I do daily backups of the database and upload them to an S3. I know this is not the perfect solution but, for a company that small (mine is similar) $61k are not something to be ignored. I used that money on Adwords which brings much more value than spending huge amounts on something which rarely "shines" for my use case. In fact, I had more downtime in the cloud than I had with Hetzner - mostly because they perform updates (to kubernetes, to database engine etc) or they simply have outages.

Everything is subjective.


moving from k8s to dedicated

not the same as VM to dedicated


I understand the value being assigned to ease of scaling up but I’m curious about this.

In the early stages of product development, how often does this scenario occur where your database is at 100% CPU utilization and the solve is not a new database index but instead a hotfix?


At previous project, we have a team of 15+ people.

AWS bill is 5k plus per month

One deployment lead to regressions (^2 growth growing along with usage of the new feature)

When it became a problem I just upgraded the instance and made a ticket

the ticket was solved within next sprint, so 2 weeks or so minimum


If 800 is not gonna make a difference, why not increase the dev's salary with 800? Apparently he is concerned about cashflow, so he probably doesn't get paid enough to not care, or things like a better working machine are difficult to get.

Hetzner provides cheap and performant VPSses. Depending on the geo, it might be a better fit.

CTO says they have to expertise in "systems administration", yet they're running VPSes, and not managed services. This is exactly where some dev installs some software which is accessible by default. There you have your little dataleak.

So imo, CTO is wrong, but post doesn't have to be right per se.


Because a developer already costs a lot more than 800.


These price differences are way too small, I would expect to go from ~3-5k to ~200. If that "doesn't make a difference", you have too much money.


That's a rough estimate based on his numbers

5 small VMs, 2 big VMs, 1 managed db


I believe your CTO is right. You are too small a team to care about saving infra cost and if that was a business problem he would already be looking for solutions (e.g. hiring a dedicated engineer)

To me looks like your are trying to solve a non-problem.


>none of us have any real background in systems administration

If you don't have sysadmin that could tackle dedicated hosting but you have knowledge to keep things running in cloud - stick with the cloud for now.


You don't actually explain what benefits you would gain.

If it was my money, yes, dedicated FTW. Egress charges... nien danken.

If it's you boss' money, what's the point arguing it. Just let him have his cloud bills.


This started from him telling me that we need to keep in mind RAM usage for a language model we were planning to use. I said that we shouldn't worry about RAM right now because RAM is cheap but apparently it isn't so cheap in the cloud so.. here we are :)


Make a 15min spreadsheet of $/month server cost and developer cost for differents usage scenario, include things that can speed up developpement. Instead of fighting.

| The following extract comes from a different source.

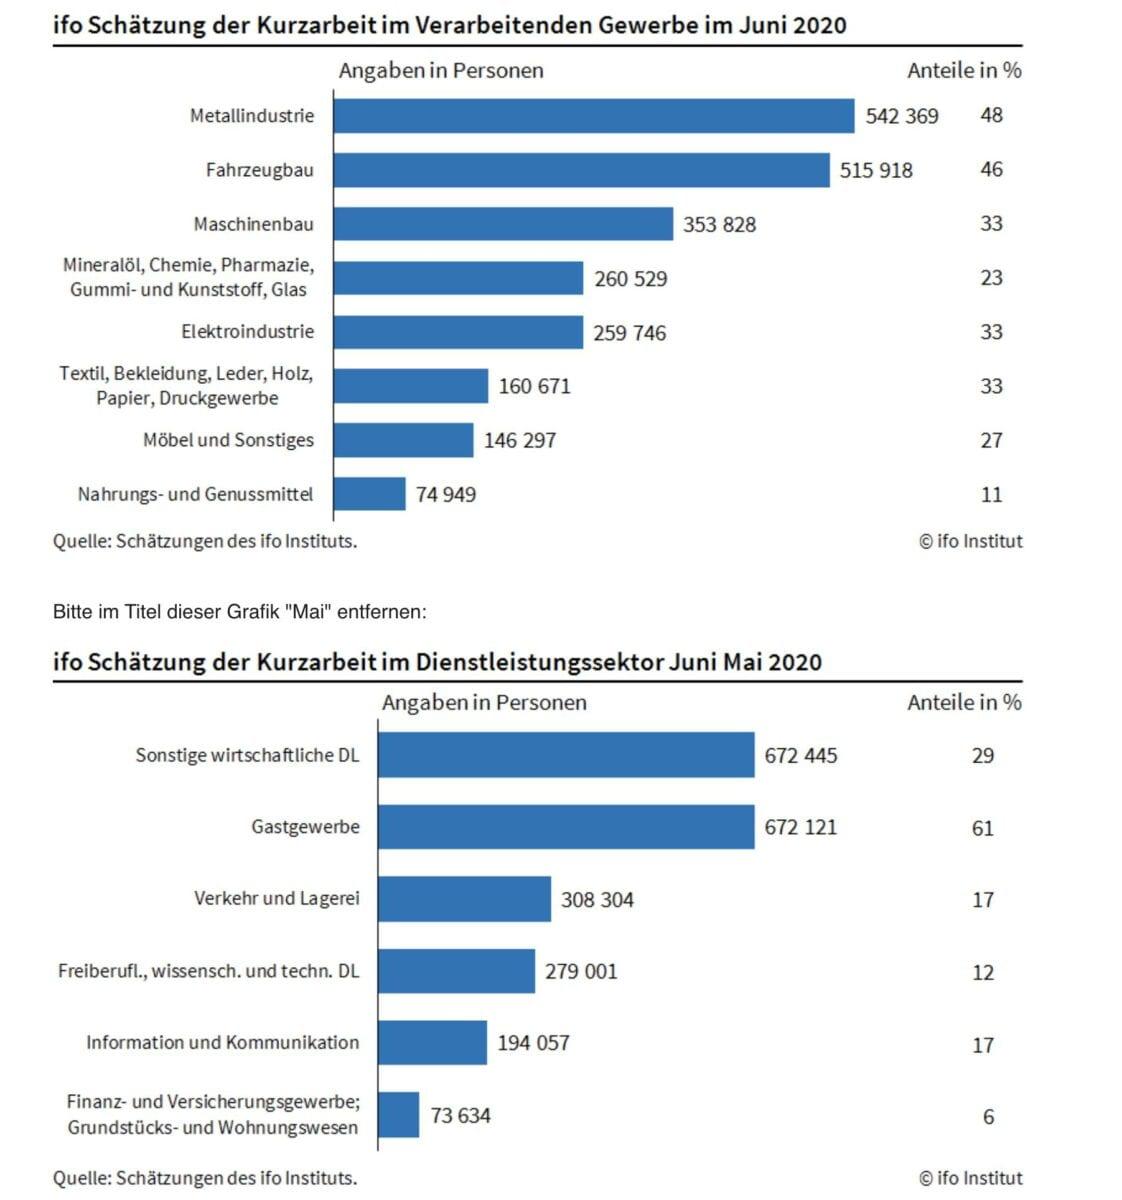 ifo-Daten zur Kurzarbeit im Juni

Don’t argue with him, provide numbers for the perspective he might not see. Tell him you want to help him make the best decision. He might loosen up on budget for cloud if he see that you are fumbling around to save a few Go of RAM.


> provide numbers

Even a spreadsheet with such numbers is primarily speculation and your upper management knows this (they make such things all the time). As such, if they did not want to agree with you before this spreadsheet won't make a difference. If they want to agree but don't want to take the time to present exactly that spreadsheet to their compatriots, it is worth making it. If you don't work for a very large company (essentially a bureaucracy), this situation probably will not occur.


Sounds too me like you're saying "Let's take Hetzner so we don't have to be smart" and your CTO is telling you to be smart. In a way, he trusts you're smart enough to figure out a better way then just throwing hardware at the problem.

Also, while cloud pricing can be daunting, once you reach a point when Azure costs to much, you can look at optimizing things. There are a lot of techniques to keep cloud cost acceptable. Look up "FinOps" if you haven't already.


Sometimes it's cheaper not to be smart. It's often the case. Because the reality is, most poeple aren't smart. They're average. If you're entire case depends on "we're smart" then more often than not you're going to end up with egg on your face.

Your solution is to spend time and money on reducing costs. This only makes sense when the costs to move outweigh the costs to reduce costs.


Its a game of tradeoffs, you are going to be spending money somewhere. Consider:

- You ignore resource usage and move to dedicated hosting. You are now wasting money on inefficient processes. To remedy this you apply software engineering practices to understand the model and design it correctly.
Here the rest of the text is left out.